In my view, the Learned Magistrate gave his reasons on why he accepted the prosecution's application under Section 169(1) and 169(2)(b)(ii)
of the Criminal Procedure Decree 2009. Please, refer to paragraphs 5 to 9 of his ruling. In my view, this ground fails and I dismiss
it accordingly.
Appeal Ground No. 2
- In this case, the Learned Magistrate proceeded to trial without delay. The prosecution was in difficulty. All their witnesses statements
and exhibits appeared missing. They did what was proper, given their evidential difficulties. They applied for a discharged of the
accused by withdrawing the charge under Sections 169(1) and 169(2)(b)(ii) of the Criminal Procedure Decree 2009. The case was then
closed. In my view, this ground fails and I dismiss it accordingly.
Appeal Ground No. 3
- I can't understand what the applicant is complaining about under this head. If it was on the Learned Magistrate's decision on cost
under Section 150 of the Criminal Procedure Decree 2009, in my view, the Learned Magistrate had not erred on his "cost" decision.
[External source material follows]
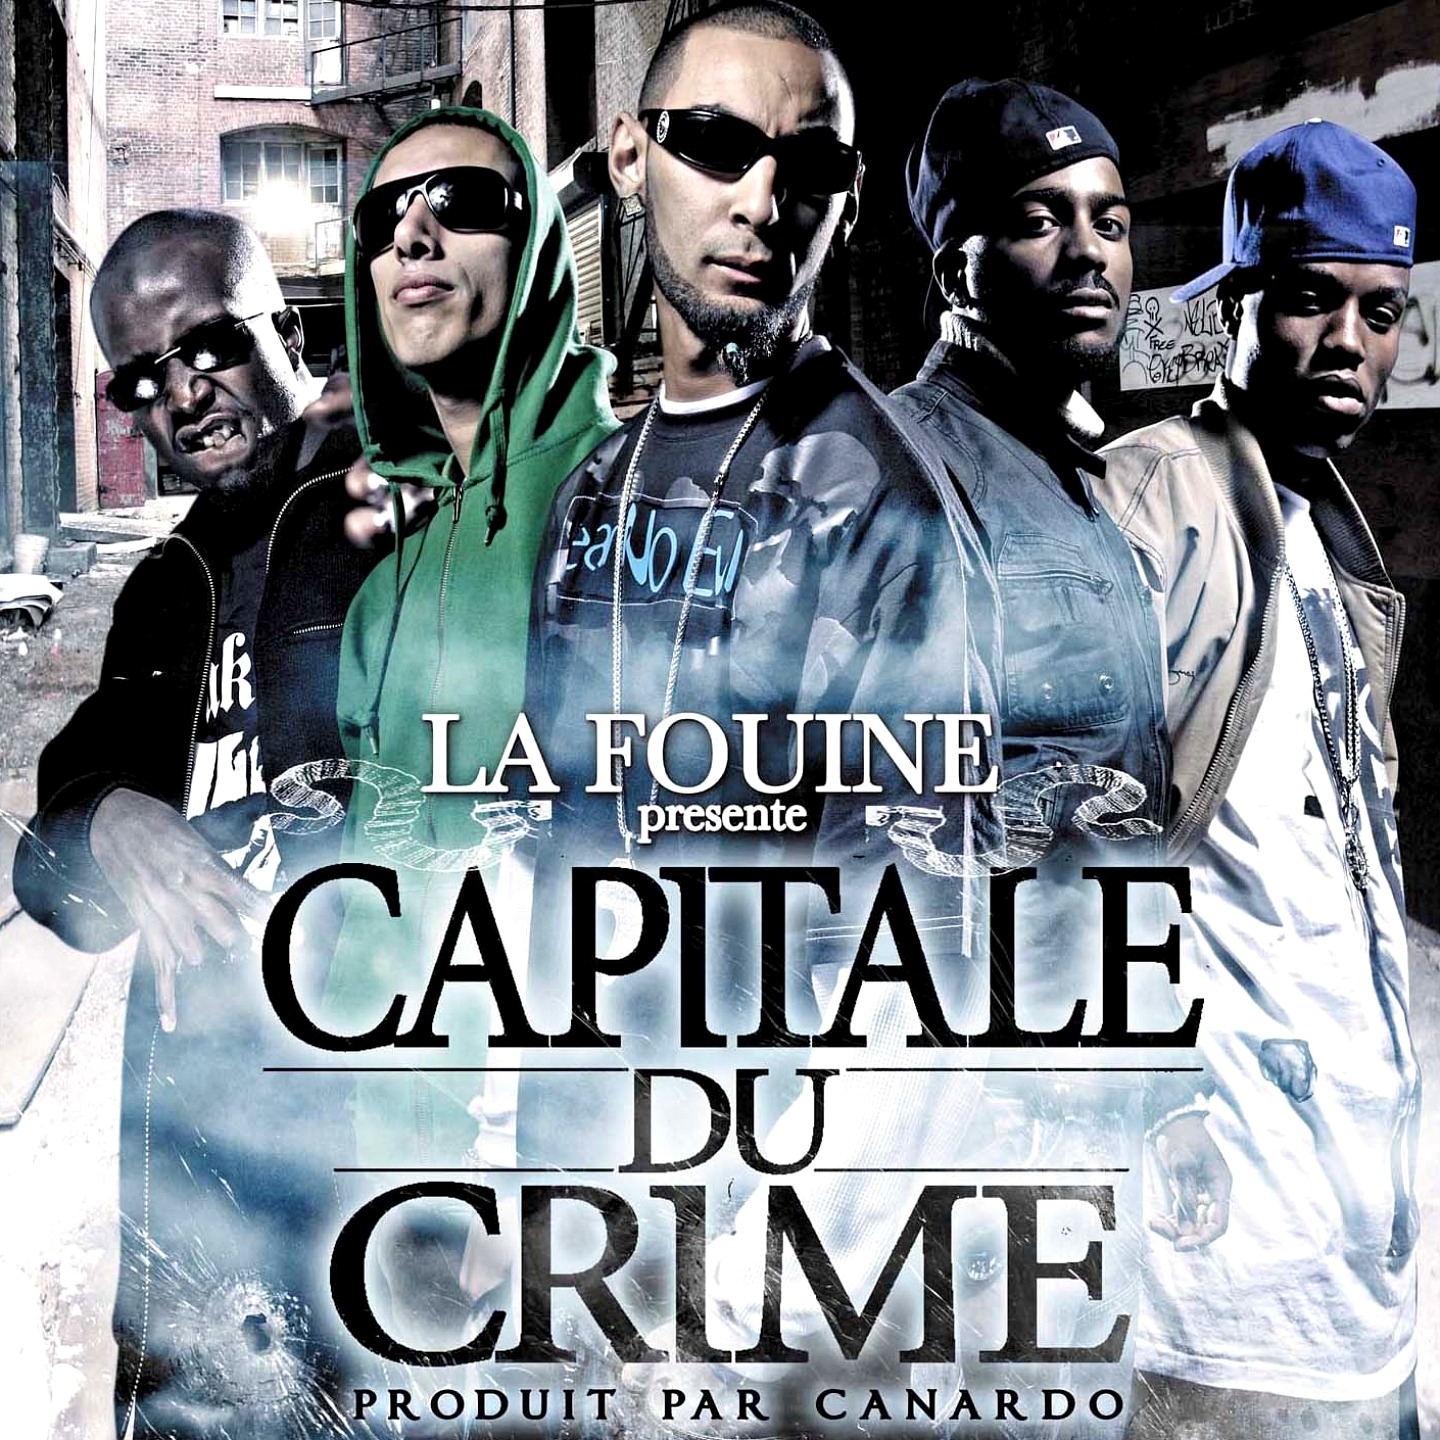 Capitale du crime La Fouine pre sente Capitale du Crime
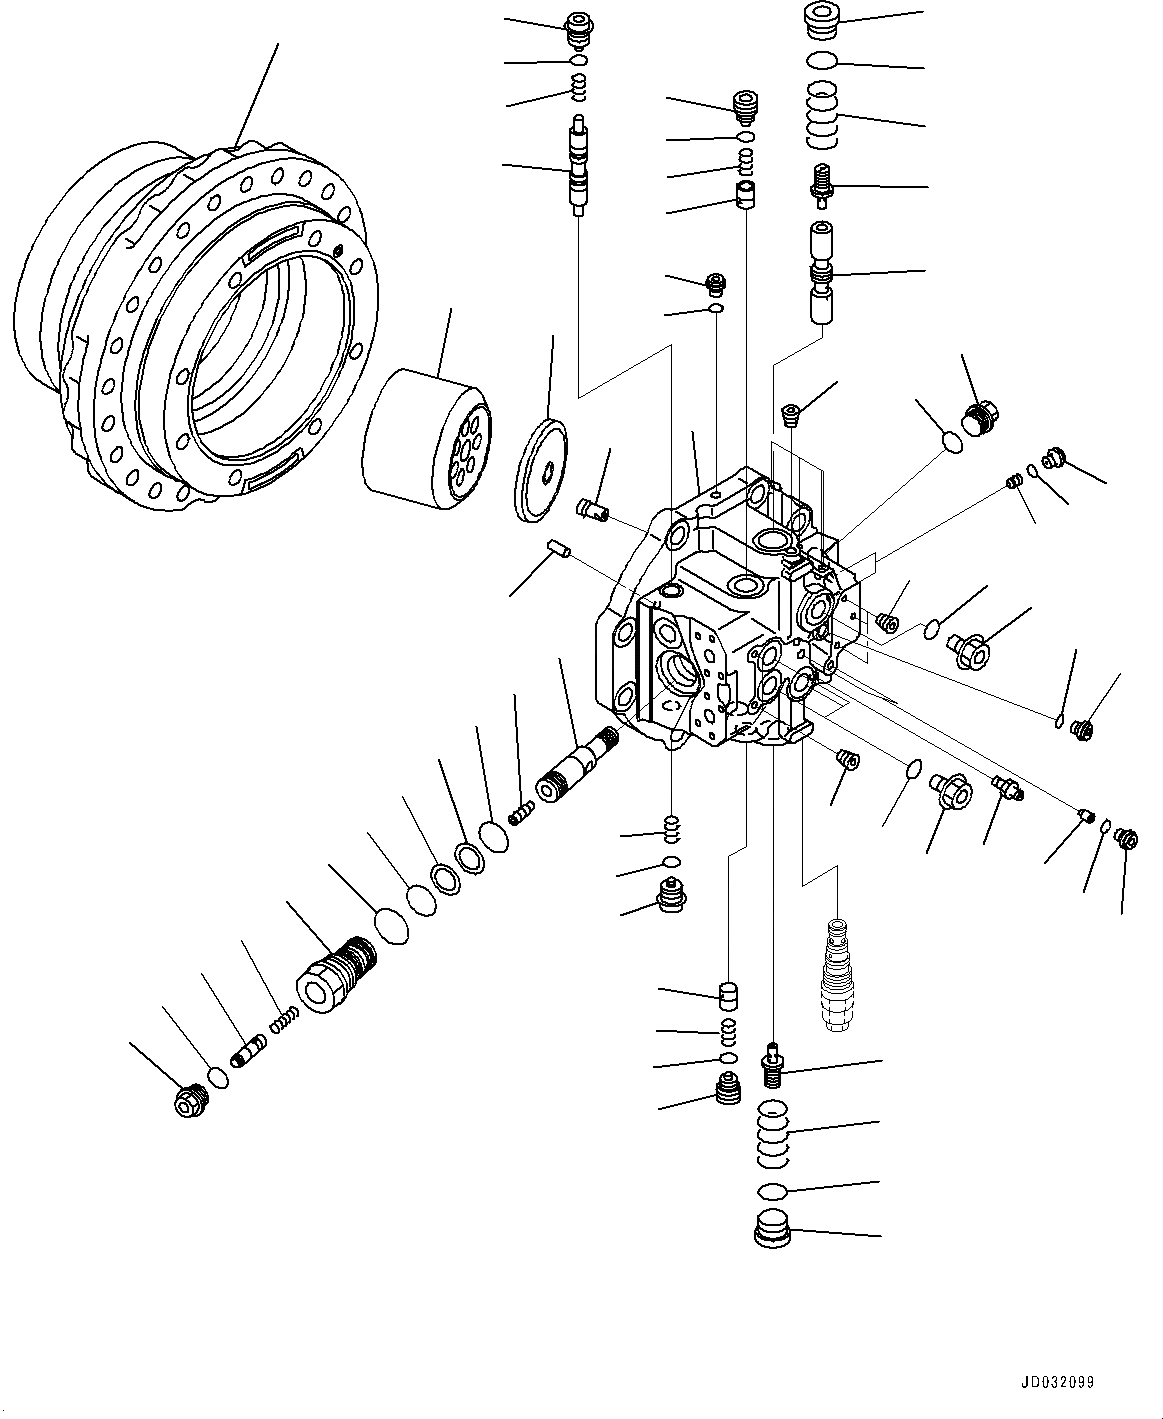 Схема запчастей Komatsu PC600LC-8E0 - ГУСЕНИЧНАЯ РАМА, МОТОР ХОДА , ЛЕВ. (/) (№-) ГУСЕНИЧНАЯ РАМА, ЗАЩИТА ОПОРНЫХ КАТКОВ

He cited the relevant Section, gave his reasons from paragraphs 11 to 26, and refused cost to the applicant. In my view, he was right
in deciding against the applicant on the cost issue. If he wanted to claim $217,000.00, he should do so in the Civil Courts, not
in the Criminal Courts. For the above reasons, Appeal Ground No. 3 fails, and I dismiss it accordingly.
Conclusion
- Given the above, the applicant had shown no "good cause" for permission to be given to him, to appeal out of time. Consequently, the
applicant's application to appeal out of time is dismissed.
Salesi Temo
JUDGE
Solicitor for Applicant : In Person
Solicitor for Respondent : Office of the Director of Public Prosecution, Suva.